Aim of the task -> Pictures aside, return every line below exactly as written.

Data segment ->
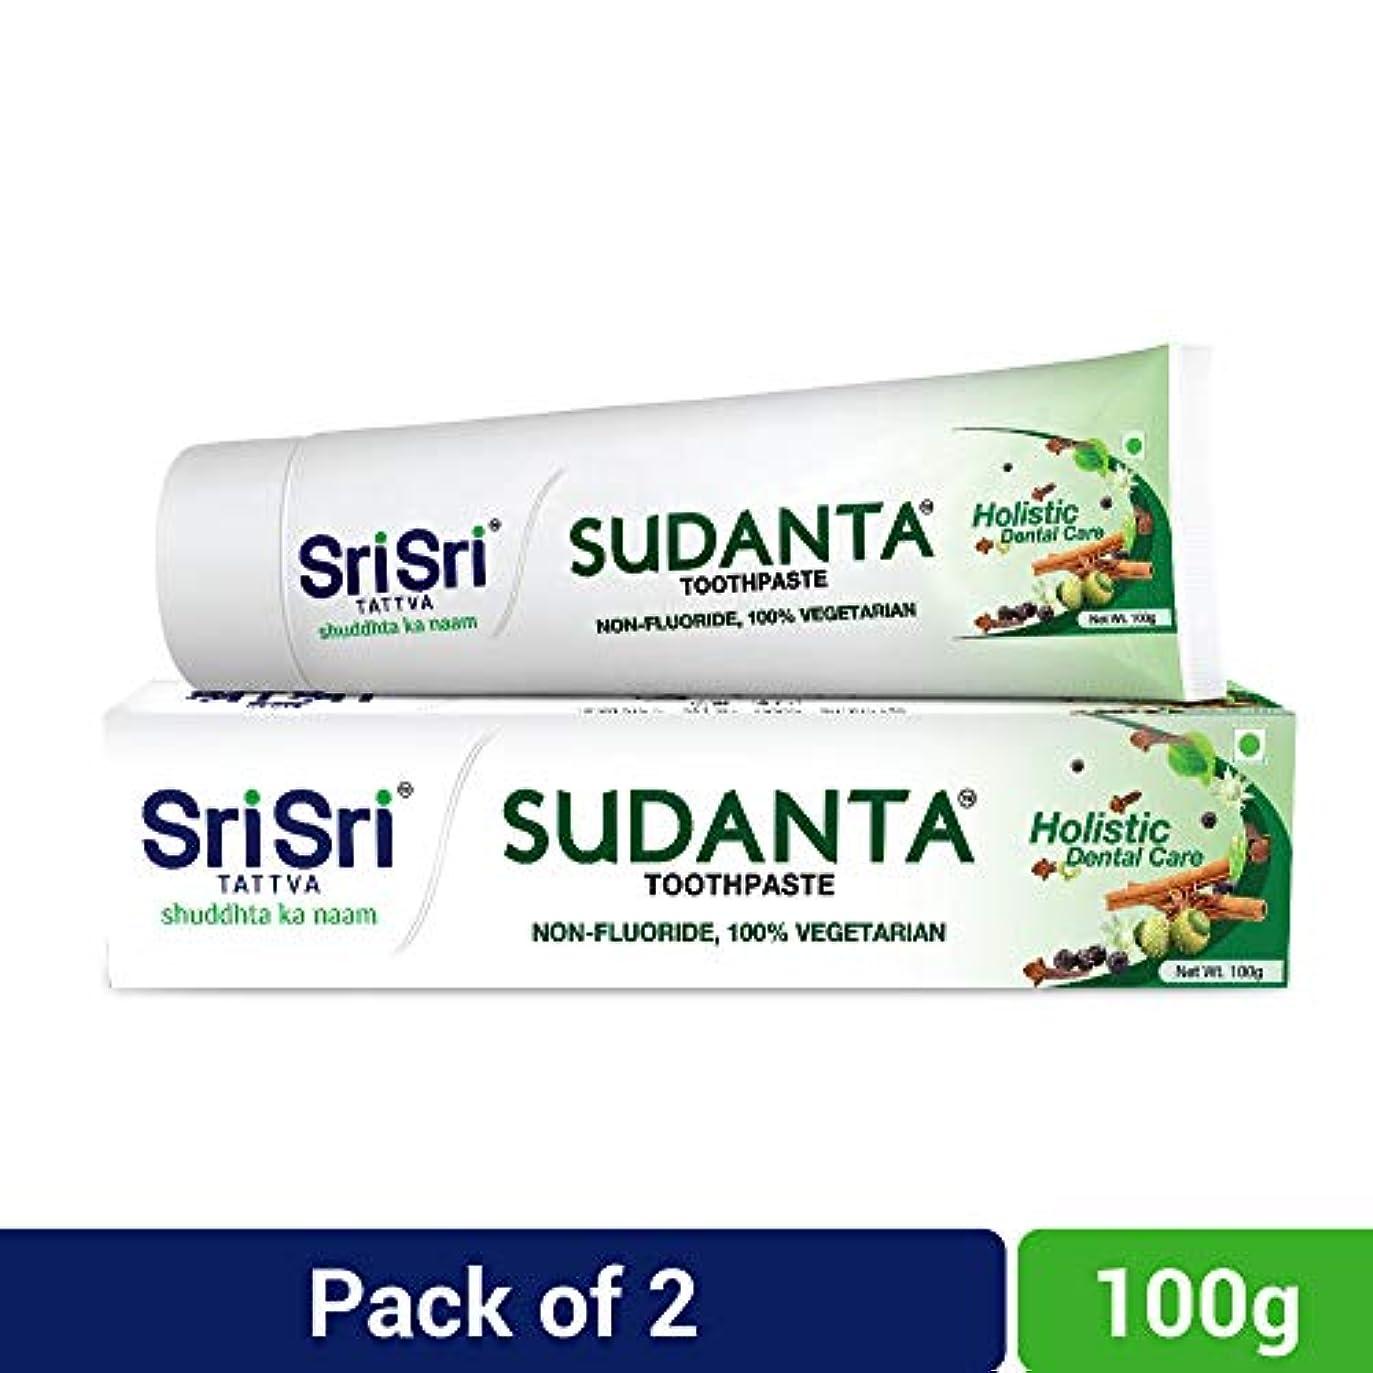 付ける品ローラーSri Sri Tattva Sudanta Toothpaste, 200gm (100 x Pack of 2)
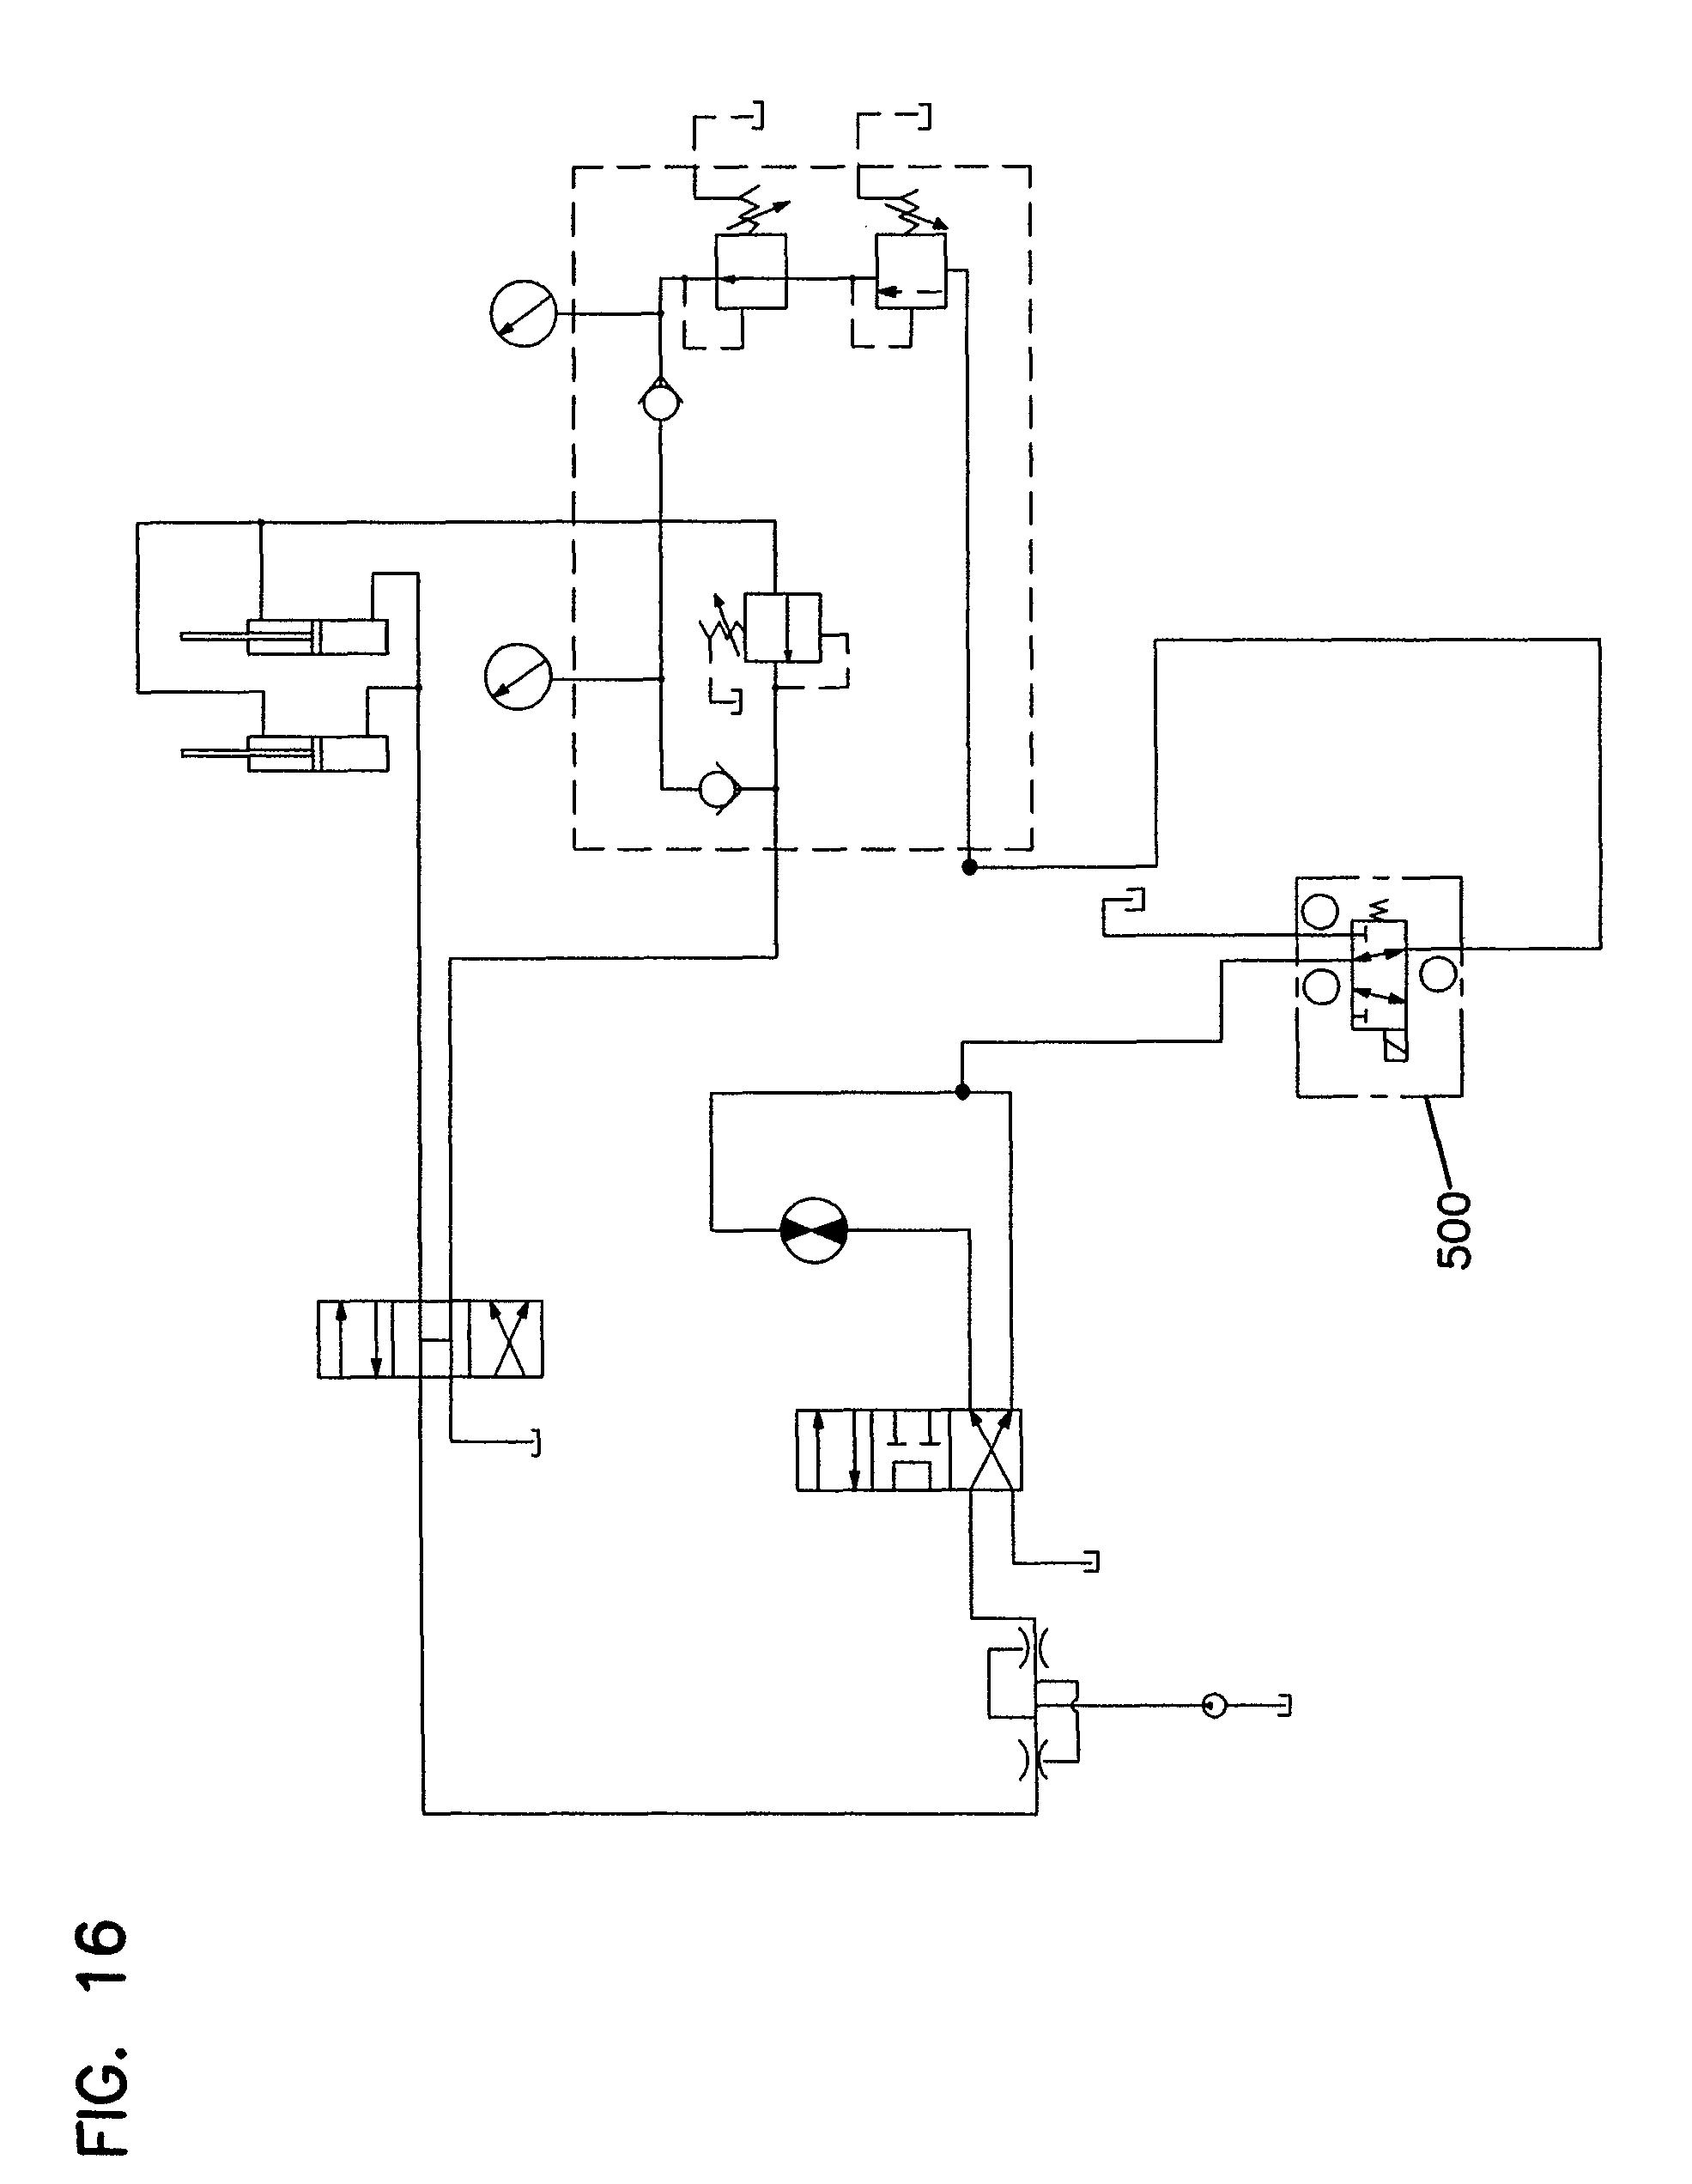 altec wiring diagram schematic diagram Asus Wiring Diagram altec wiring diagram manual e books wiring altec diagram d820 b altec winch wiring diagram
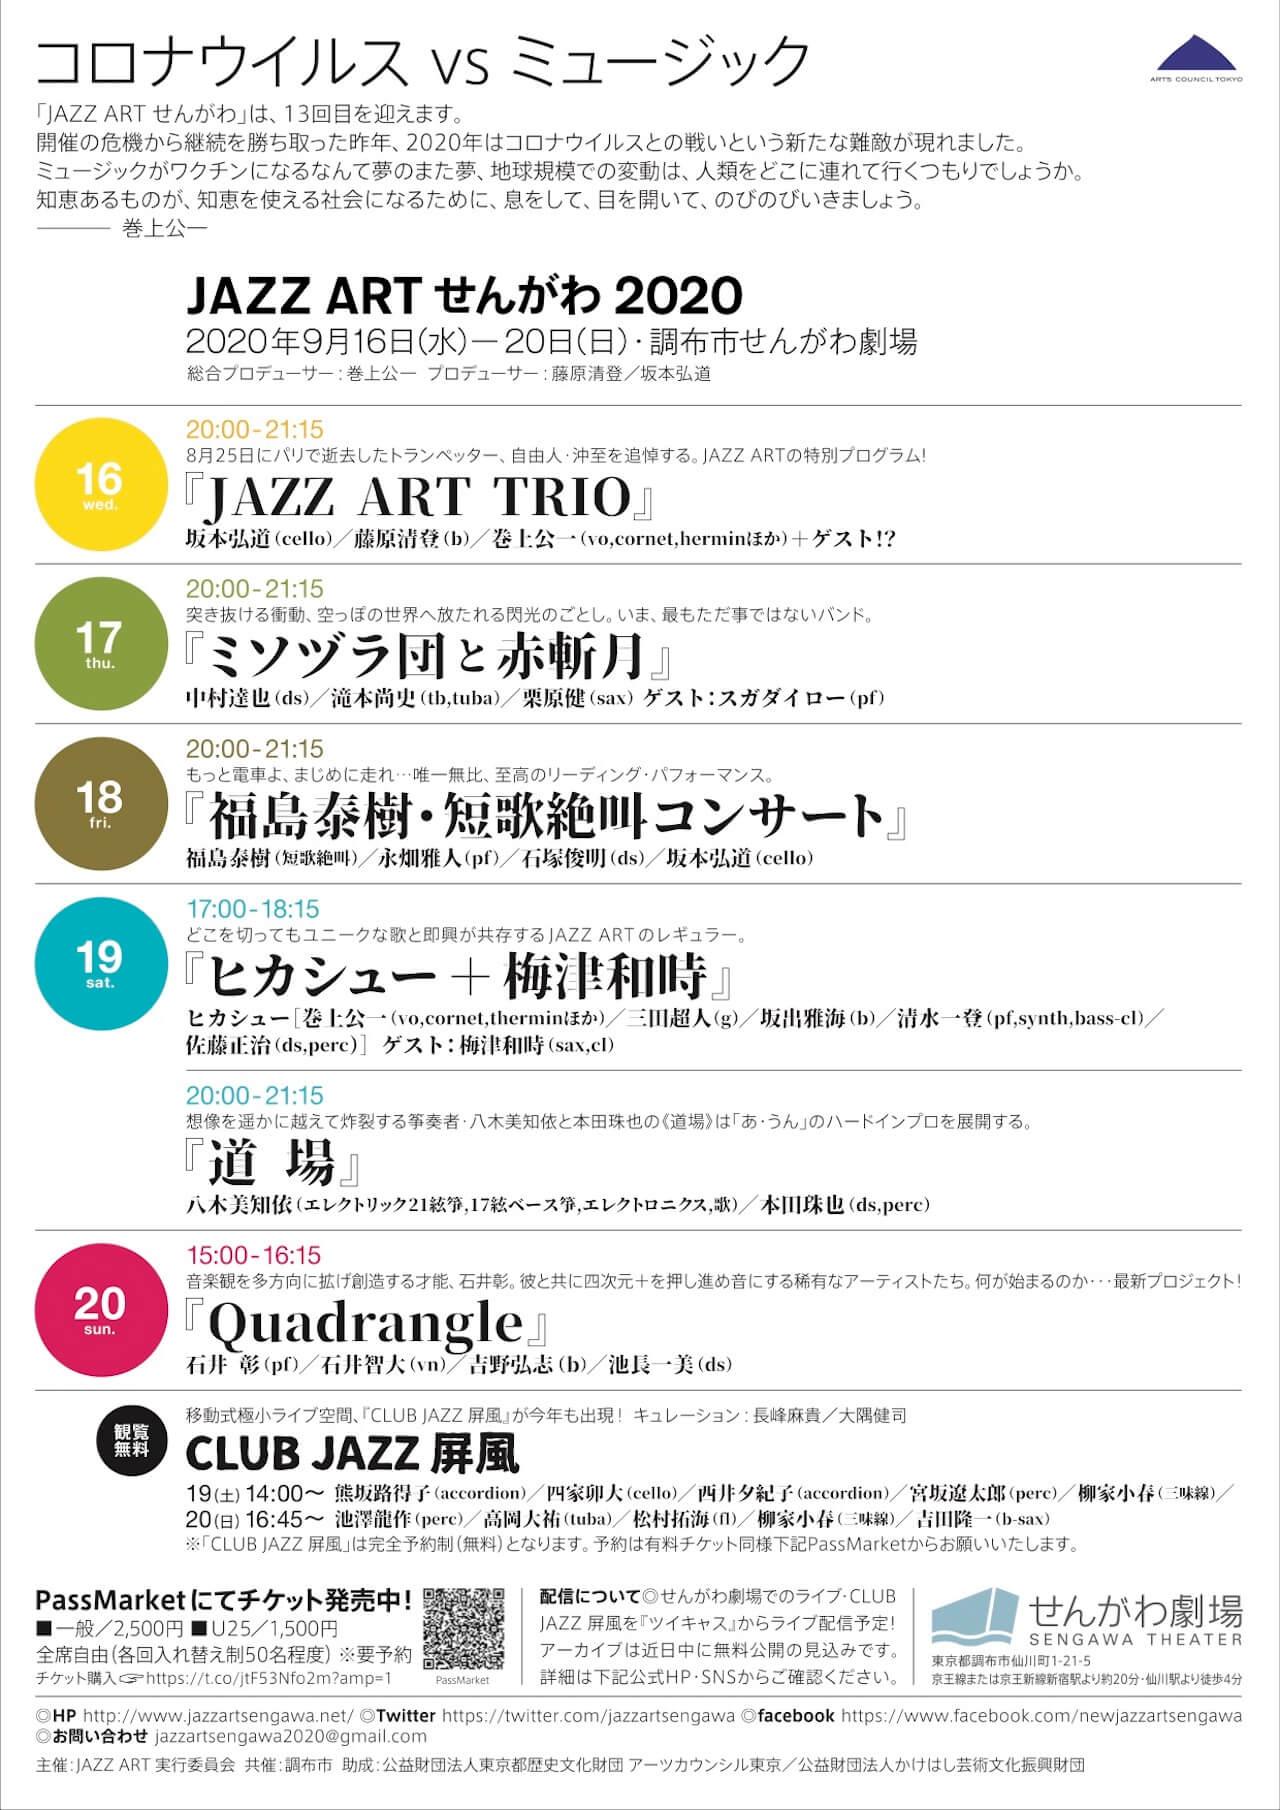 世界へ広がる即興音楽祭<JAZZ ART せんがわ 2020>が「コロナウイルスvsミュージック」をテーマに開催|ヒカシュー、「ミソヅラ団」+スガダイロー、沖至追悼ステージなど music200914-jazzartsengawa-1

Exercise response ->
 付ける品ローラーSri Sri Tattva Sudanta Toothpaste, 200gm (100 x Pack of 2)
 altec wiring diagram schematic diagram Asus Wiring Diagram altec wiring diagram manual e books wiring altec diagram d820 b altec winch wiring diagram
 世界へ広がる即興音楽祭<JAZZ ART せんがわ 2020>が「コロナウイルスvsミュージック」をテーマに開催|ヒカシュー、「ミソヅラ団」+スガダイロー、沖至追悼ステージなど music200914-jazzartsengawa-1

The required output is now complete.